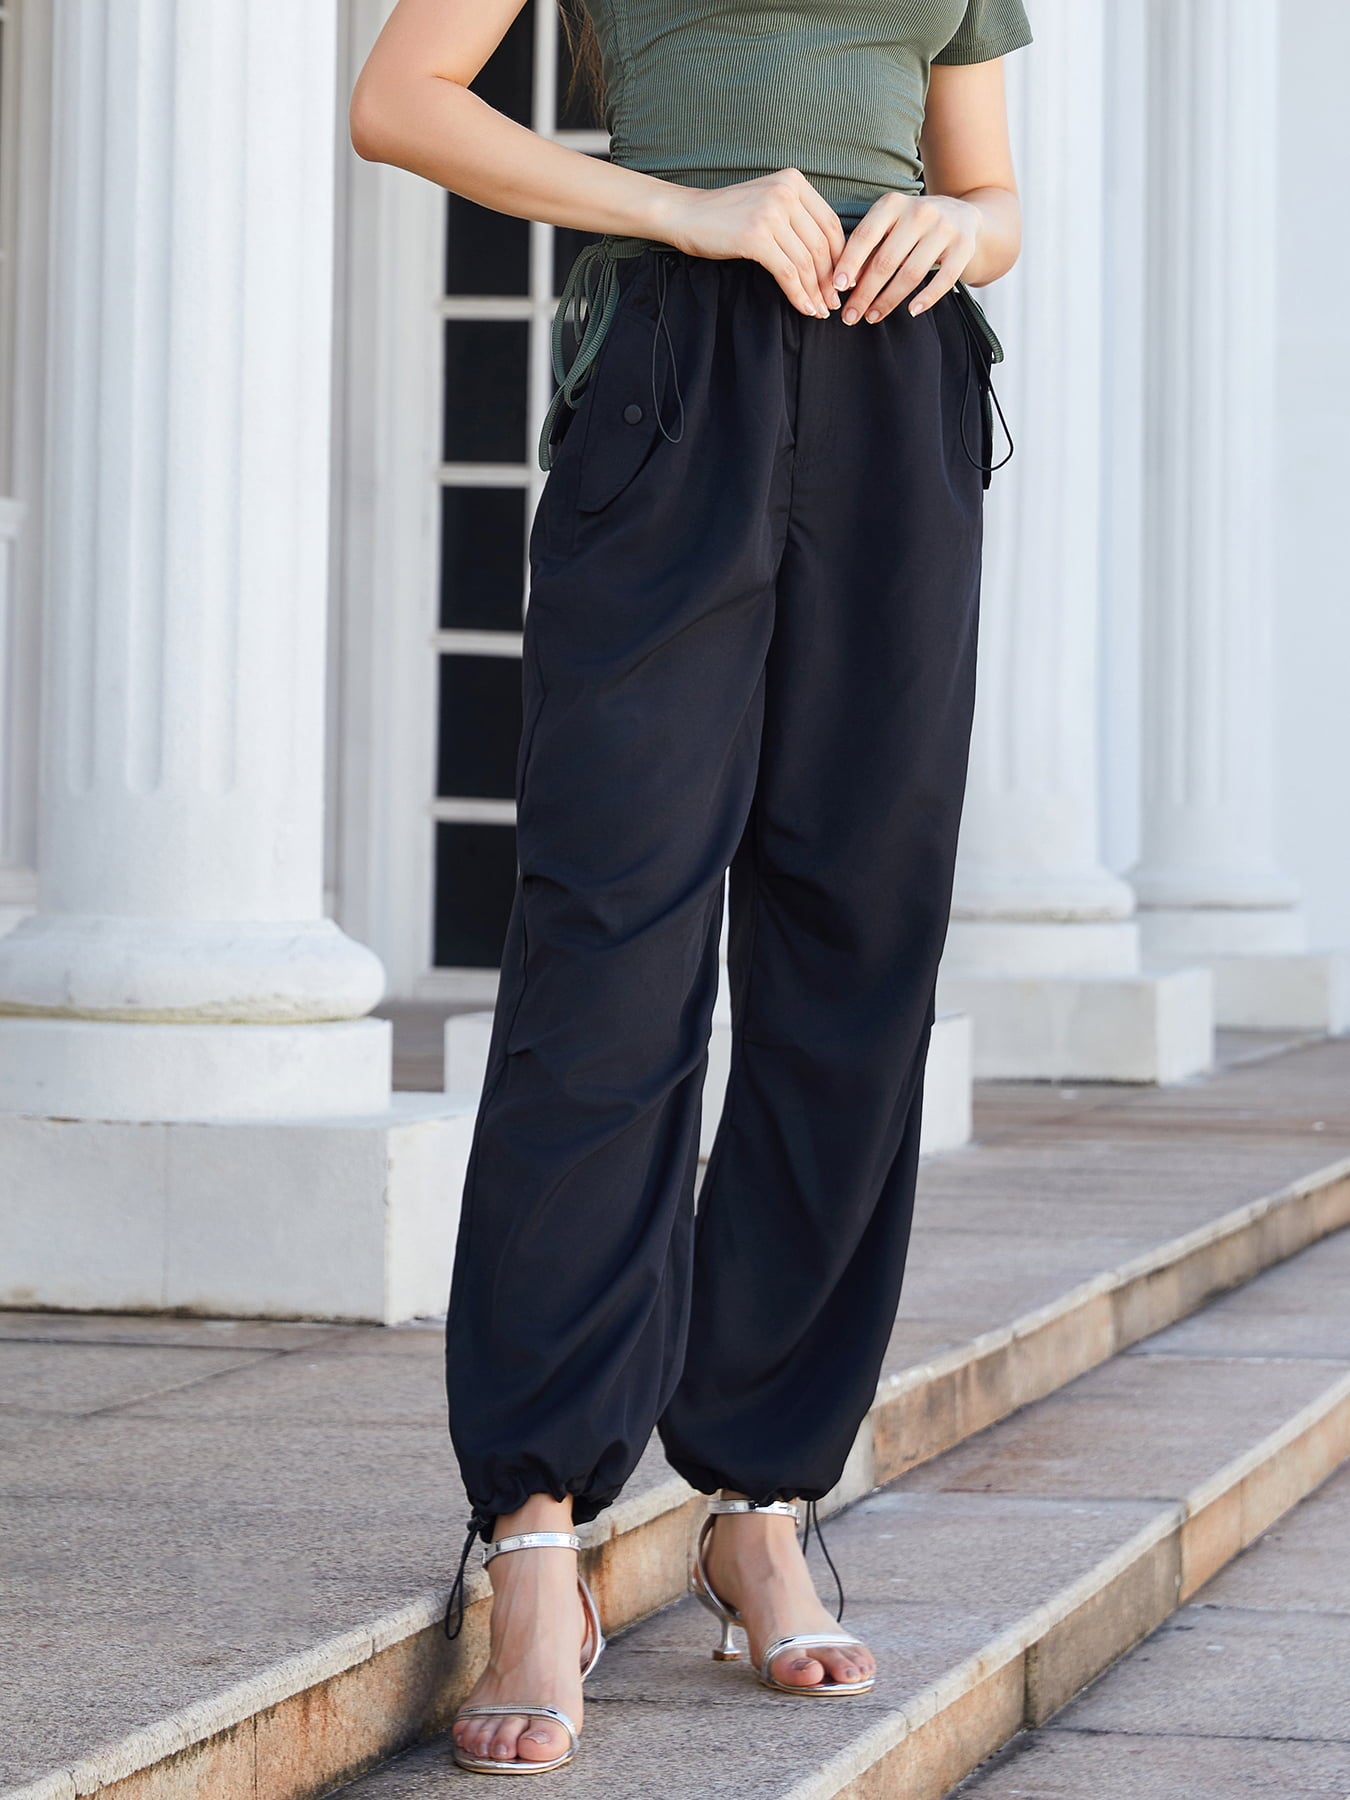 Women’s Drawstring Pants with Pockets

...

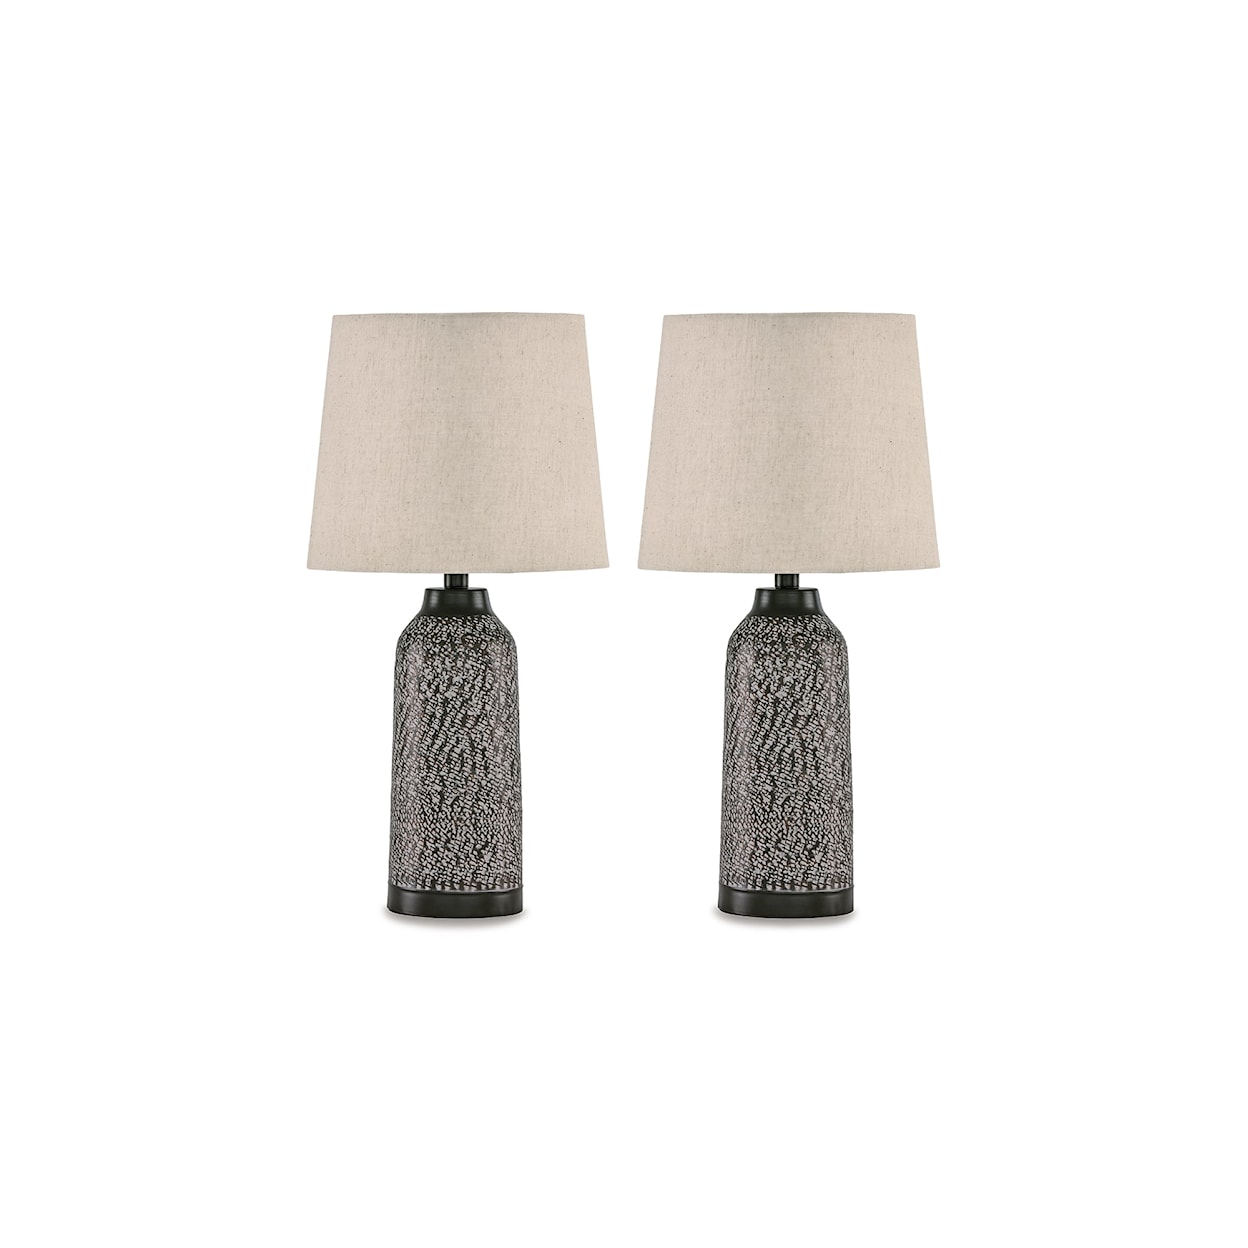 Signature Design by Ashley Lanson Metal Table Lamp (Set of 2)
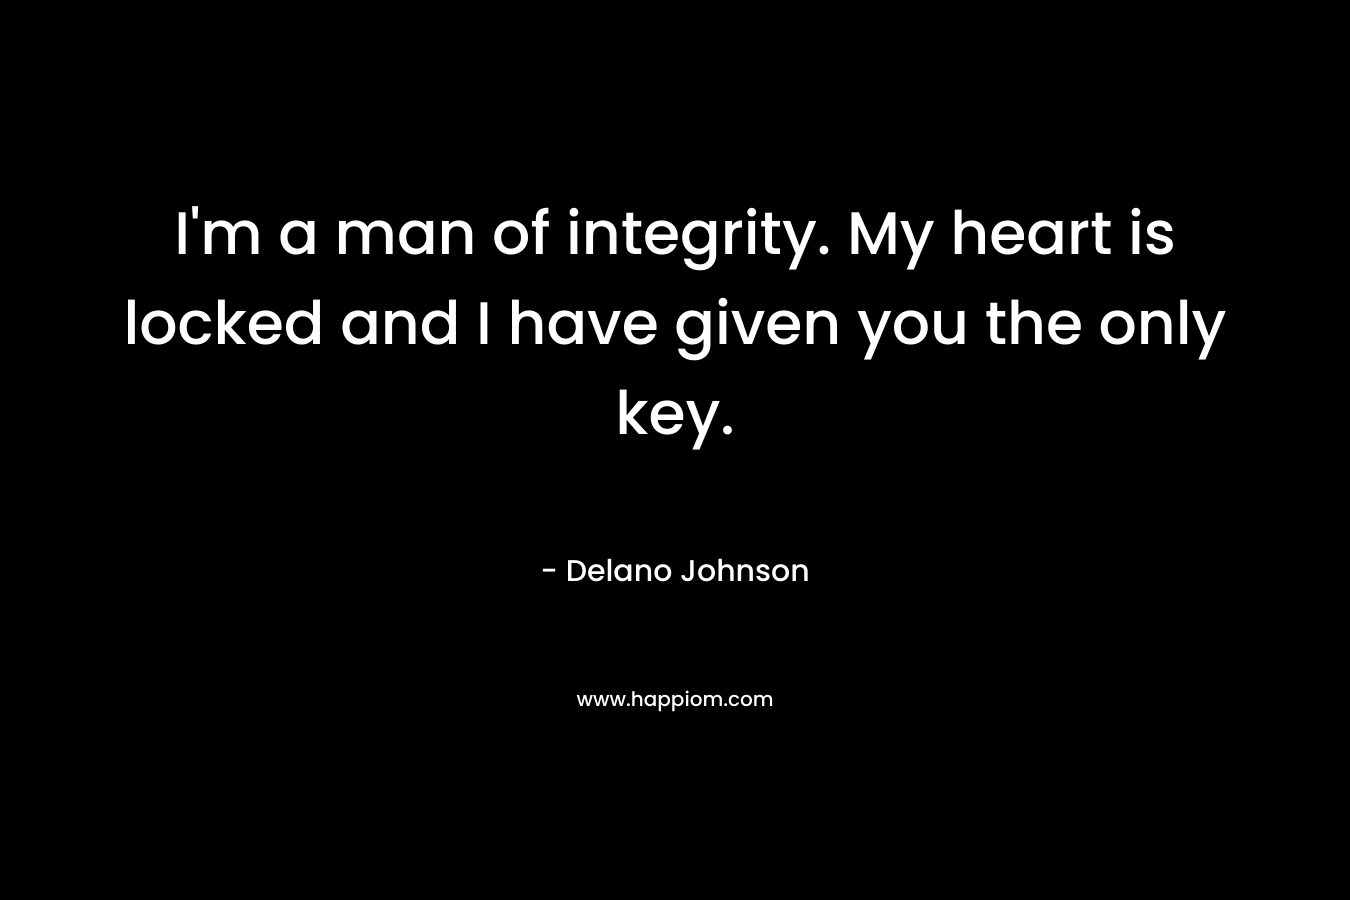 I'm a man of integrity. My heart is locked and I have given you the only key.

Activity >> Using the entries above, write out exactly the lines from the one with "Signature Design by" through the one with "I'm a man of", ends included. Leave out any pictures.

Your solution >>
 Signature Design by Ashley Lanson Metal Table Lamp (Set of 2)
 I'm a man of integrity. My heart is locked and I have given you the only key.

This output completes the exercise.